For the purposes of linked verse there is also a short stanza composed
of eleven syllables written as a single line, broken in two places
by identical caesurae. Occasionally, and specially in tanka or tan-renga,
one pause is more heavily accented, and so given as a line-break.
Zips are not easy to type-set in any medium. In html they require
the use of tables. Digital platforms using plain text are particularly
problematic as they will collapse down extra spaces and indentations.
In these circumstances it may be necessary to resort to a mixture
of full stops and forward slashes in order to convey the intention:
.............over and over//through fireglow
.....to the wind's//whistling moan........................................sheila
windsor
.....within the mountain//men burn out//like candles.............john
carley
Internal verses from the Nijuin renku sequence The
Winter Sun
As indicated above linked verse is set so that the longest lines have
identical indents.
When considering the zip stanza as a haiku analogue it has been objected
that it tends to suppress strong juxtaposition.
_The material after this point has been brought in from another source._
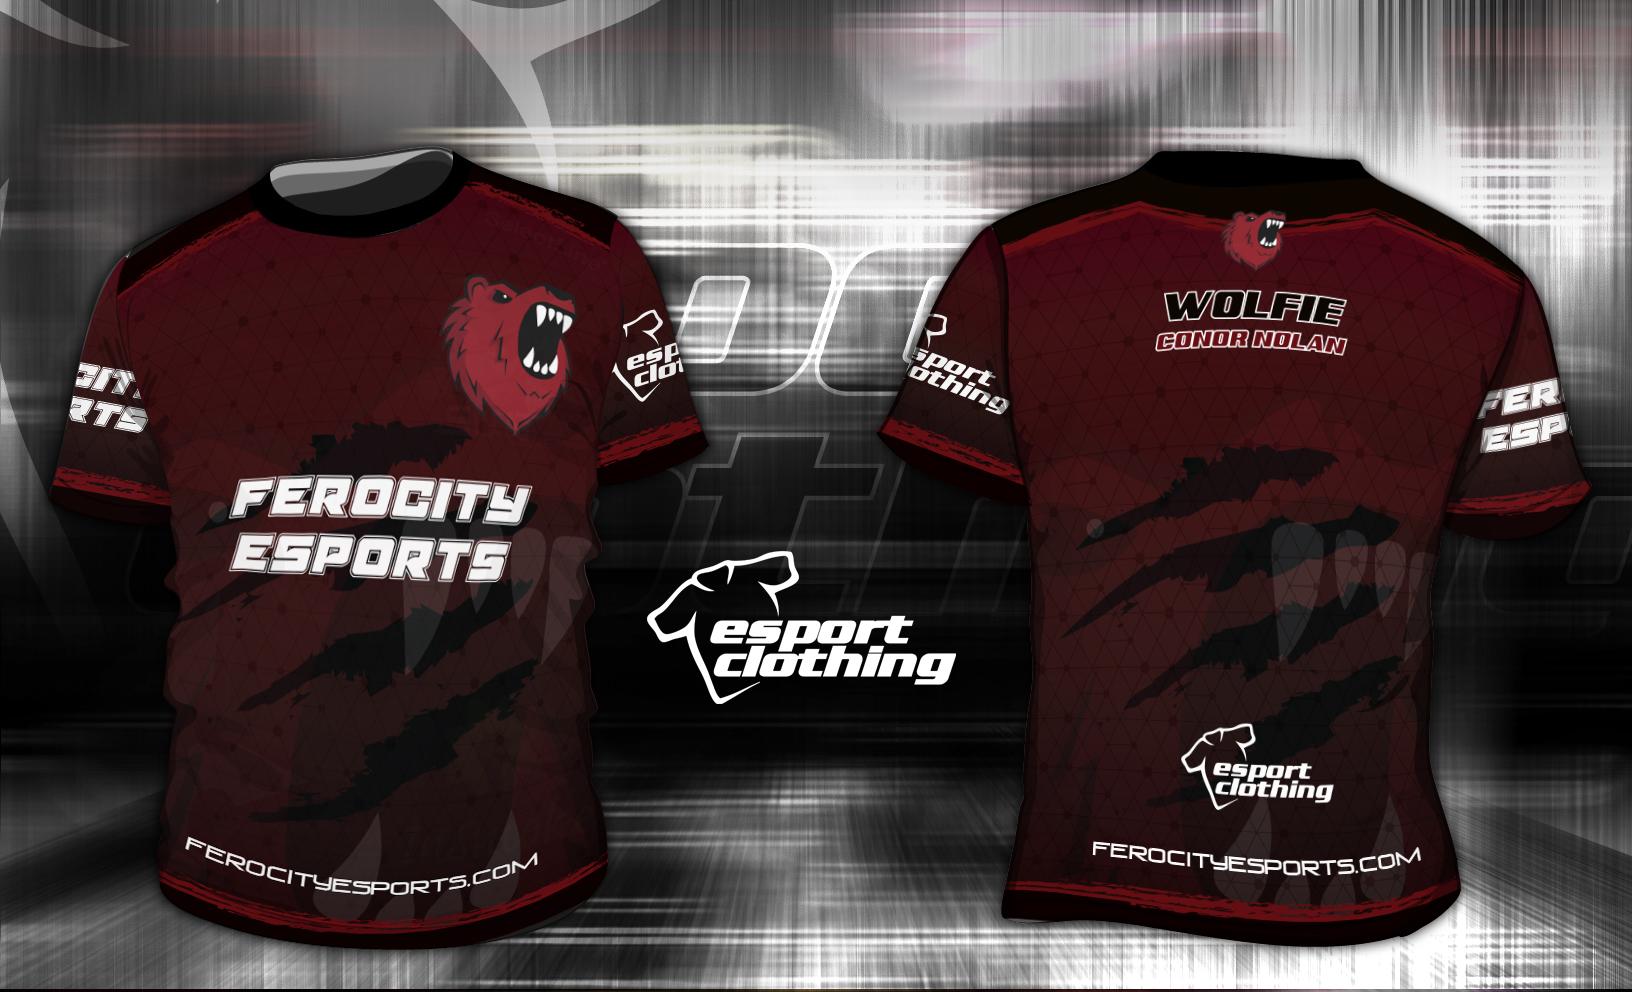 Ferocity - Athlete Short Sleeve Jersey
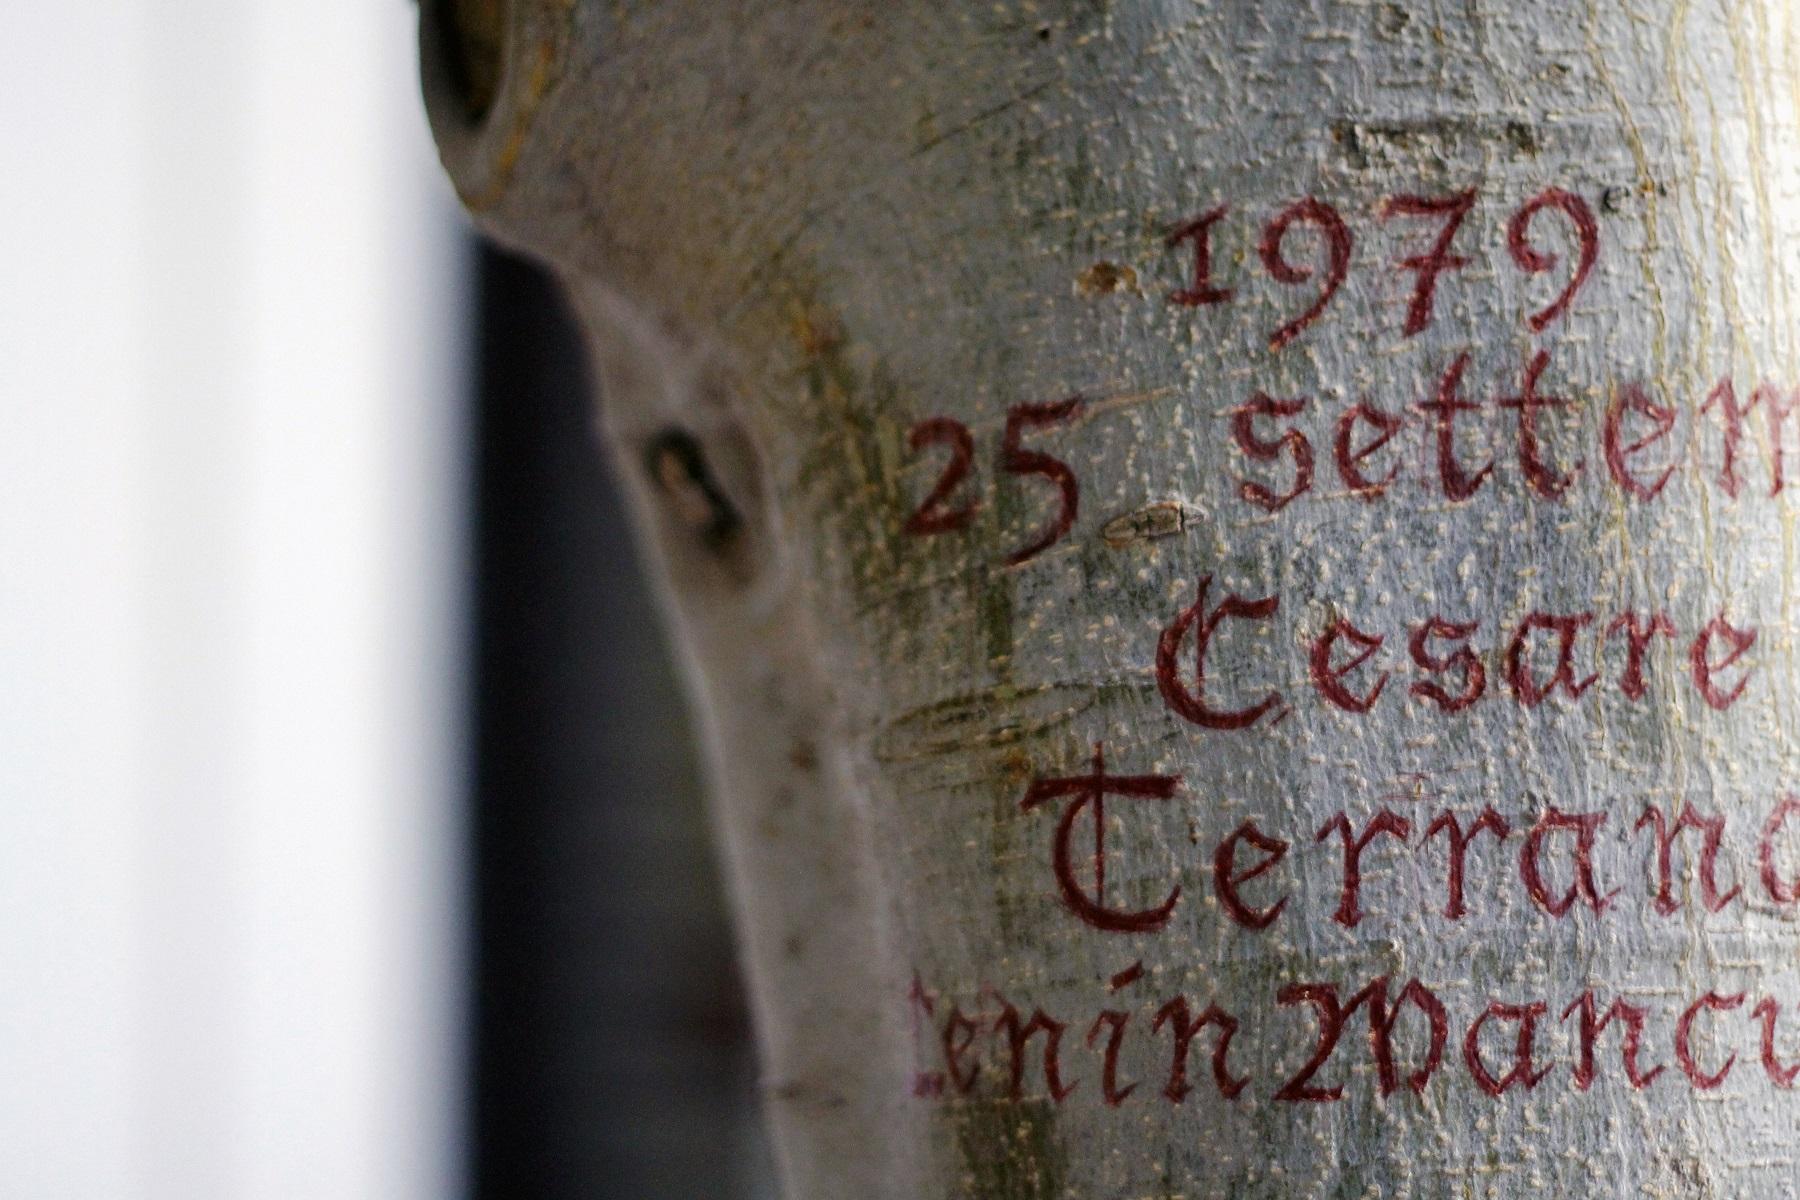 Goldschmied & Chiari_Genealogia di Damnatio Memoriae, Palermo 1947 1992

This is debatable.
Certainly the zip does not allow for the use of punctuation marks
such as an em dash or tilde intended to signify a 'cutting character'.
However the combination of line break and parataxis is always available
as a way to 'turn' a stanza, and the zip also facilitates the use
of a 'detached' single syllable word as a pivot - a device which may
be more similar to a kireji in Japanese than is the use of a punctuation
mark in conventional English-language haiku.
When using the zip as a 'cut' haiku analogue authors are advised not
to combine their principal semantic disjuncture with a caesura: a
straightforward two part poem should turn at the line break.